AVAILABLE DATA:
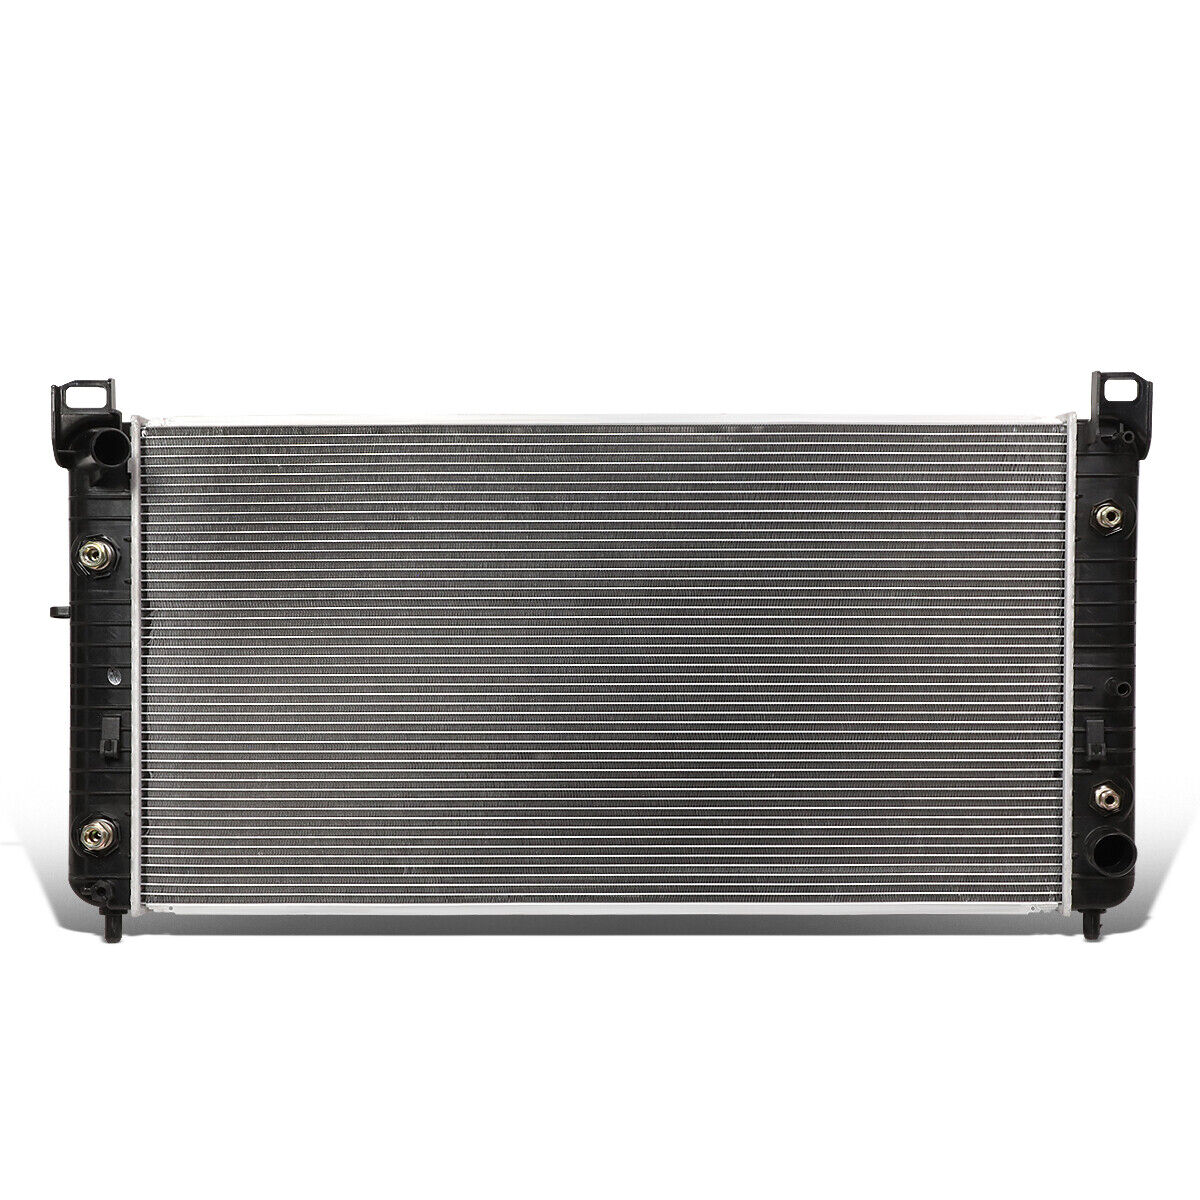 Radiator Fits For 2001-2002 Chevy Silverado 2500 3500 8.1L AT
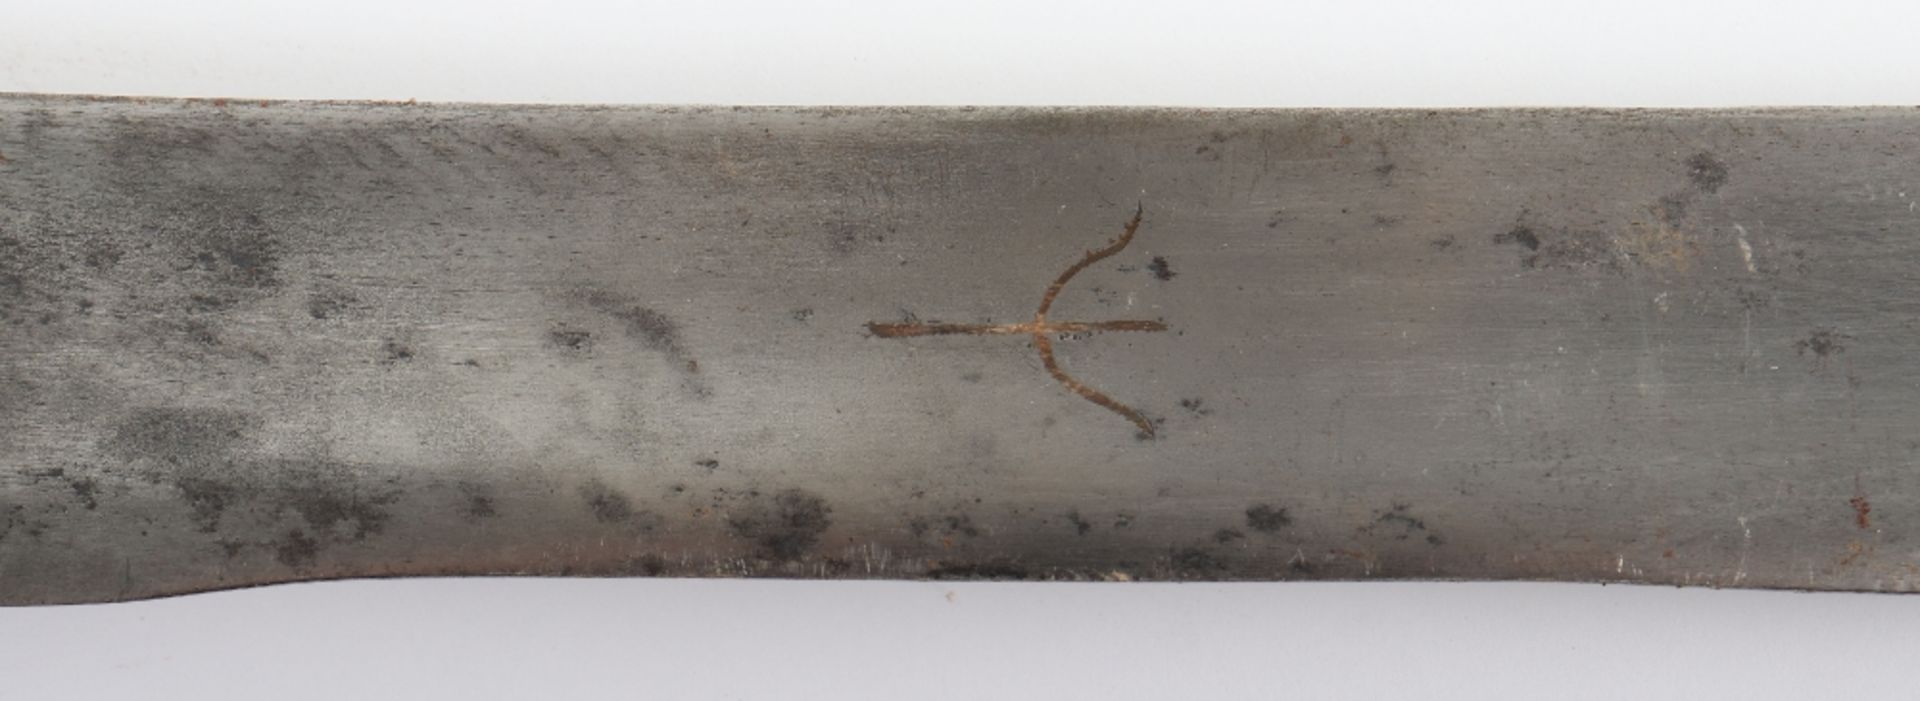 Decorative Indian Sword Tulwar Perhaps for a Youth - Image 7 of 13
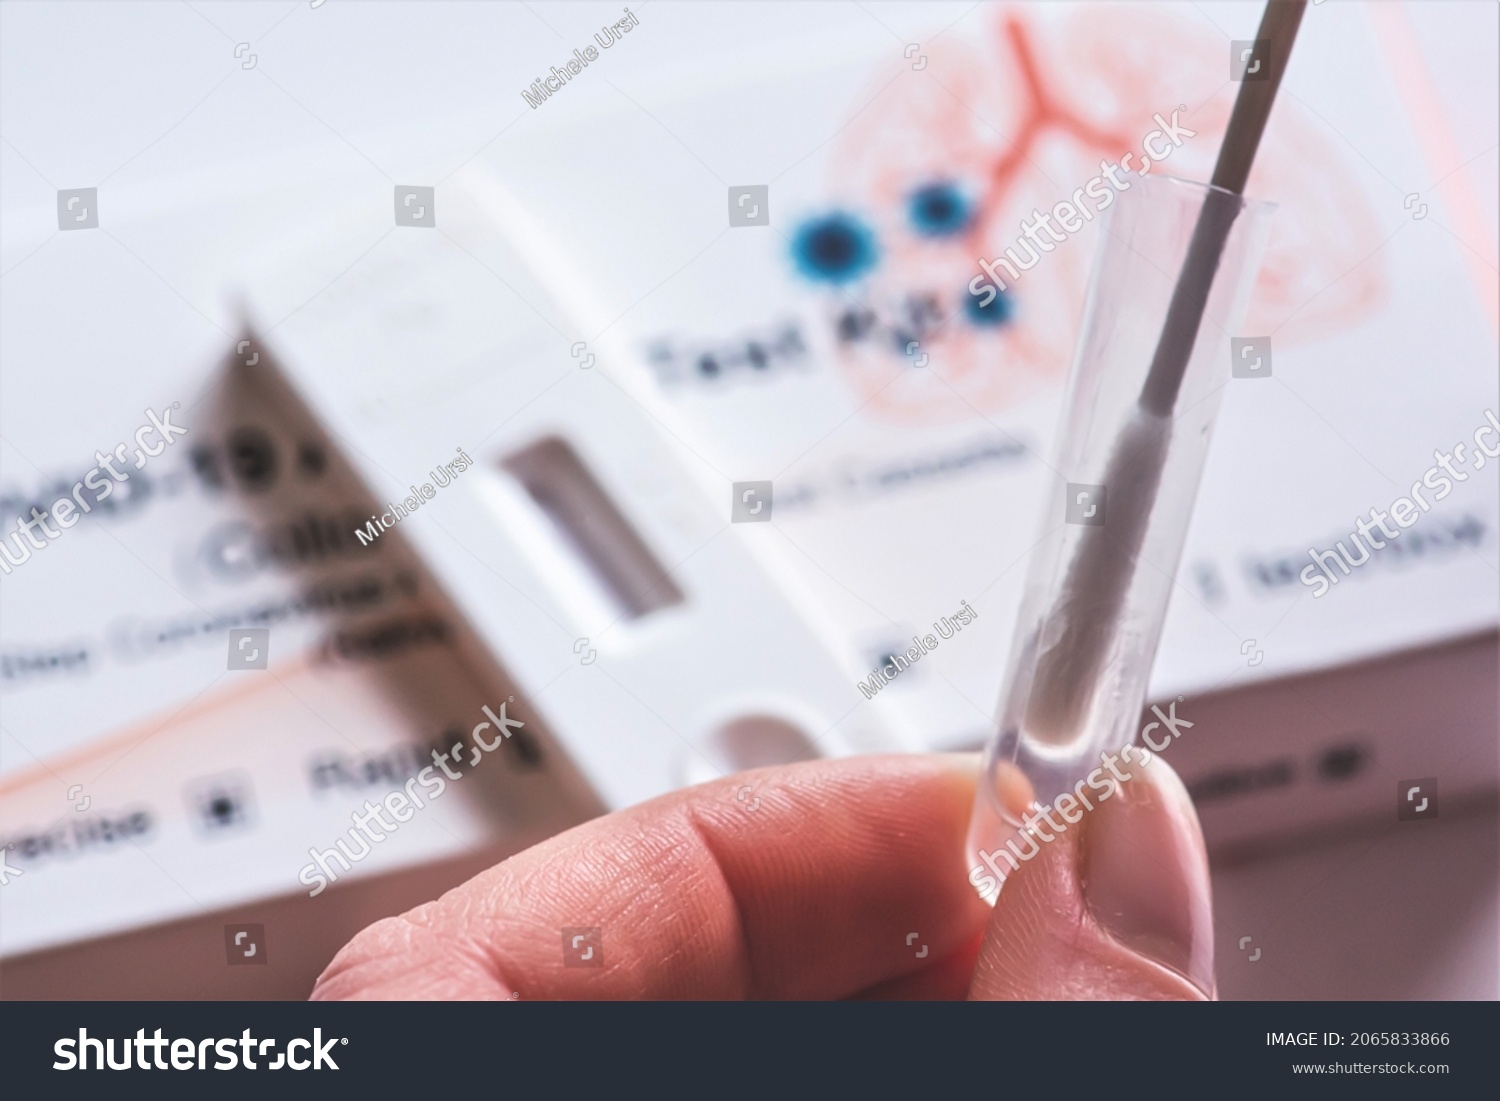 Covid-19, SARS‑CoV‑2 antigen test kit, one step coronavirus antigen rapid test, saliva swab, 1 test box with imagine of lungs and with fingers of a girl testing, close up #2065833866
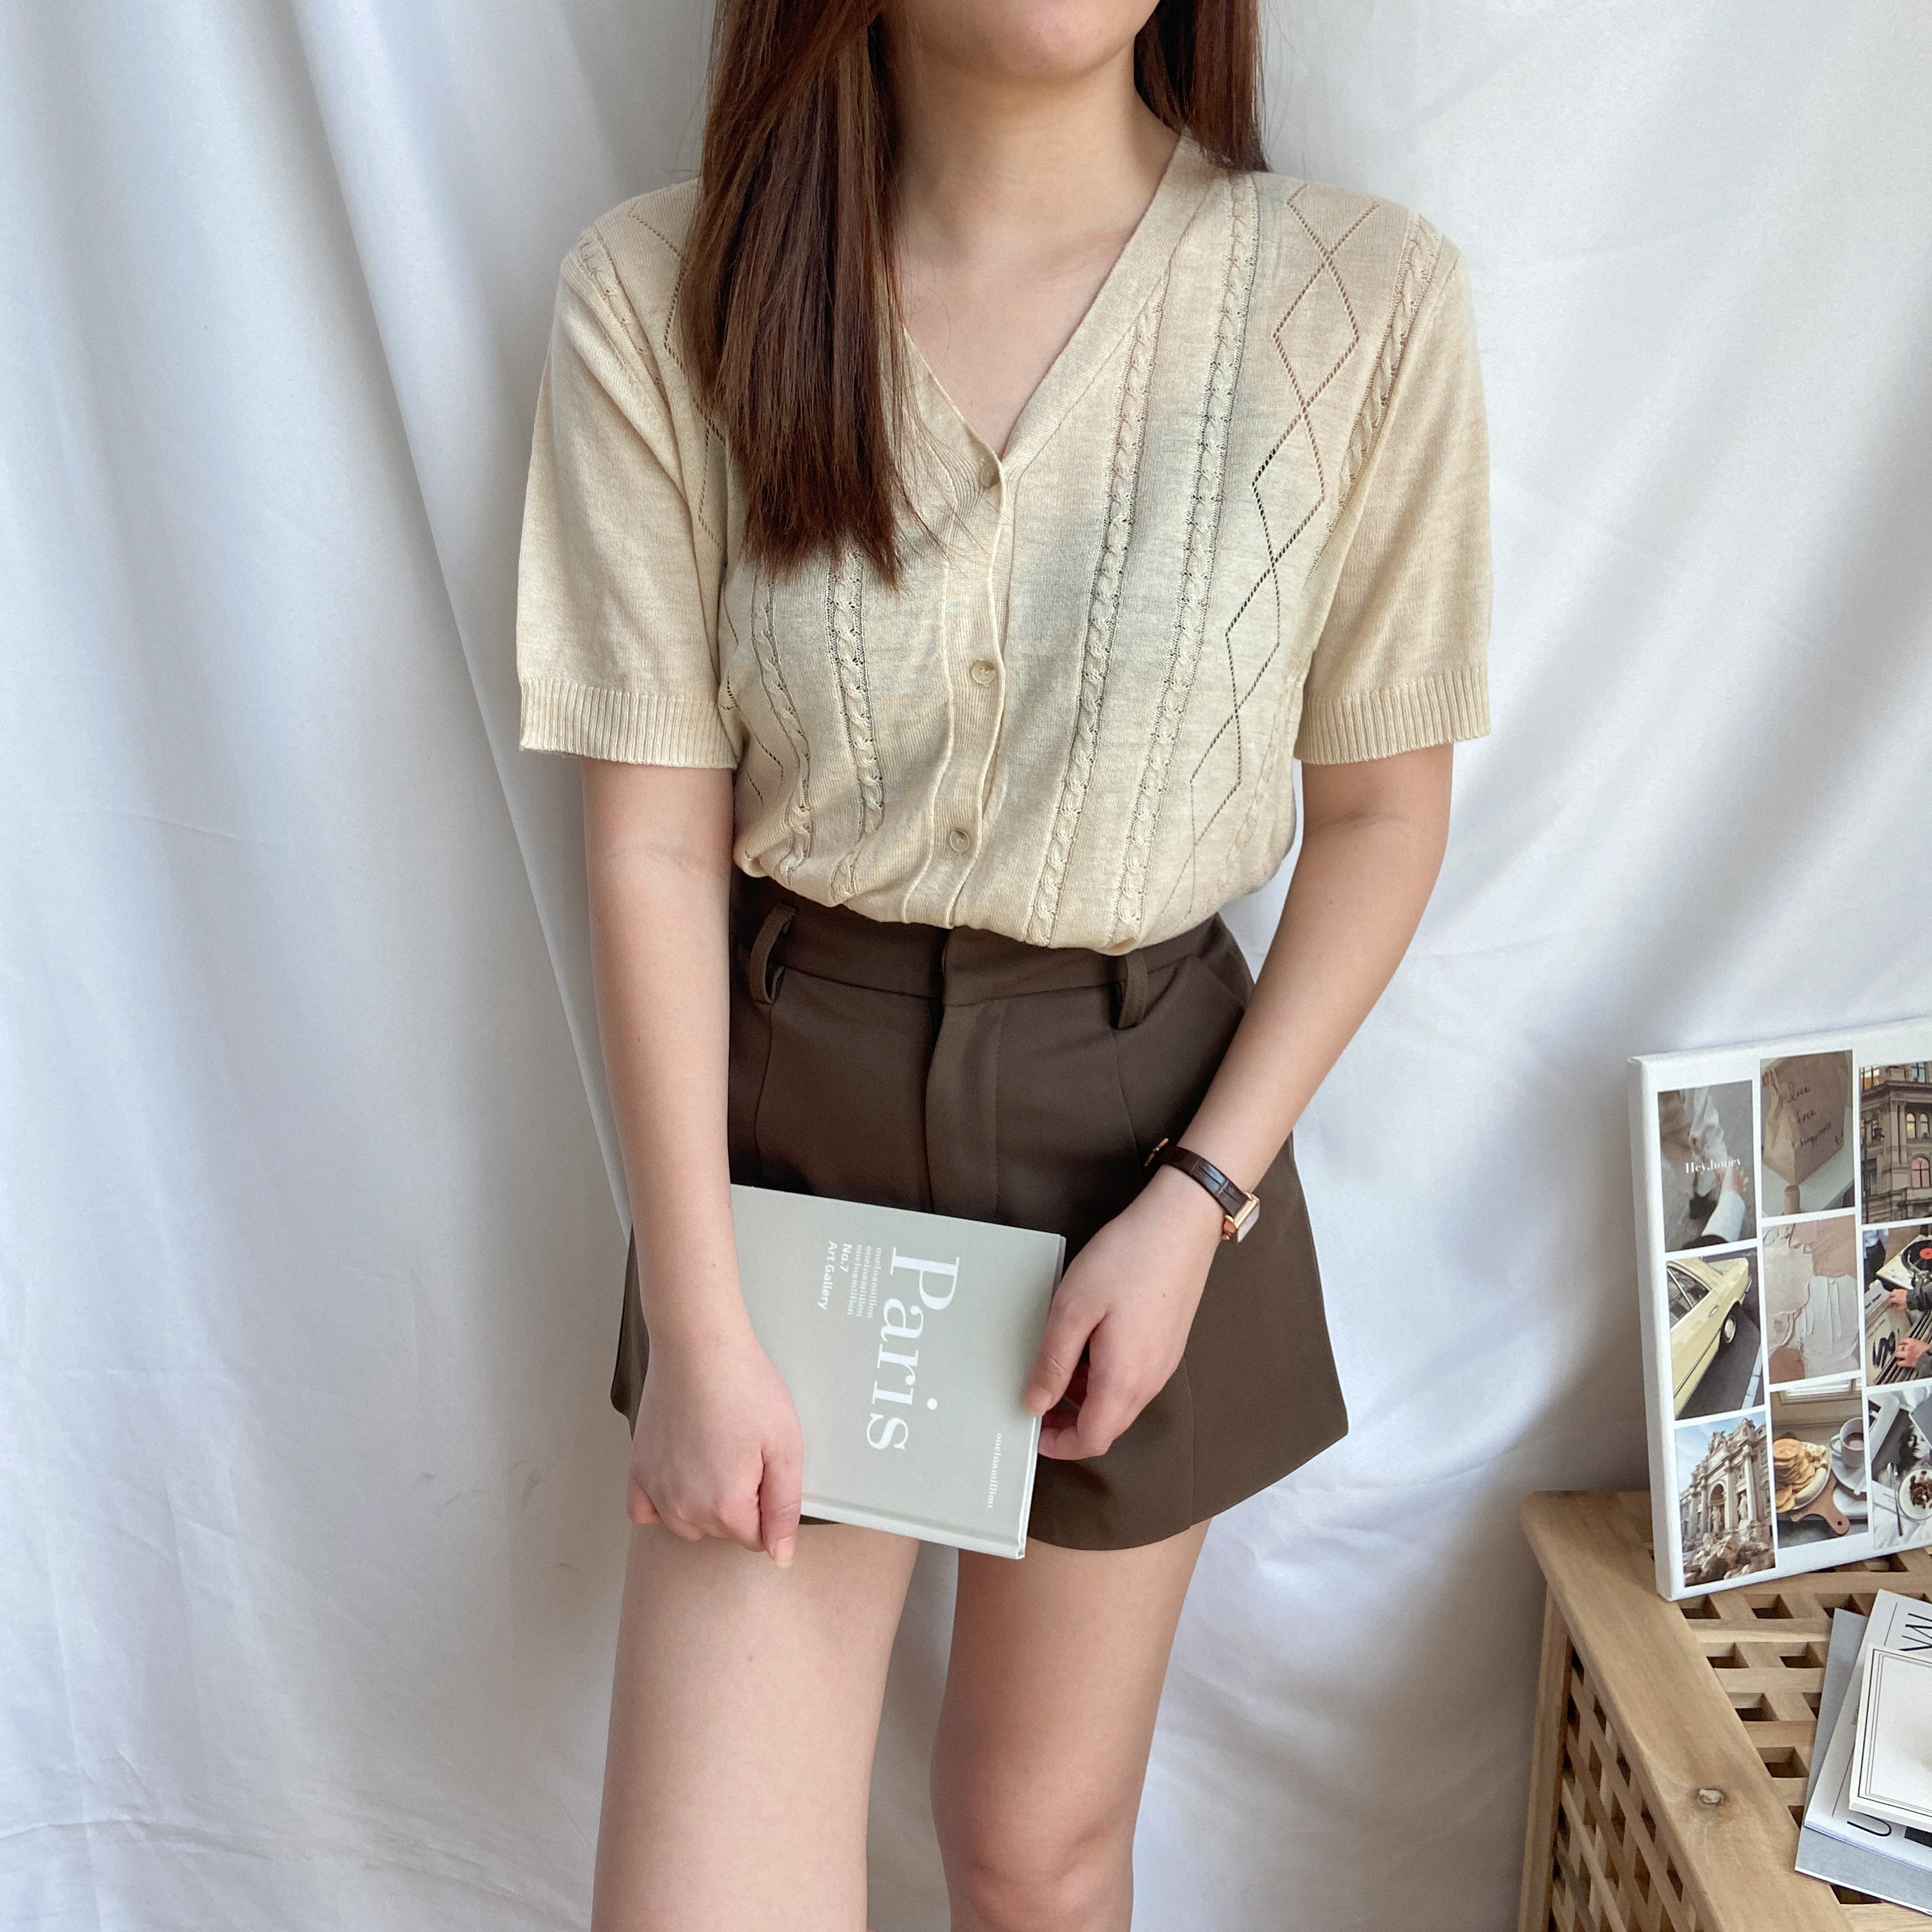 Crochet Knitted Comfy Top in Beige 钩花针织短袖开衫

WORK ORDER:
Leaving the pictures out, copy exactly the lines from the line that contains "Covid-19, SARS‑CoV‑2 antigen" to the last line of the data, both ends included.

WRITTEN SOLUTION:
 Covid-19, SARS‑CoV‑2 antigen test kit, one step coronavirus antigen rapid test, saliva swab, 1 test box with imagine of lungs and with fingers of a girl testing, close up #2065833866
 Crochet Knitted Comfy Top in Beige 钩花针织短袖开衫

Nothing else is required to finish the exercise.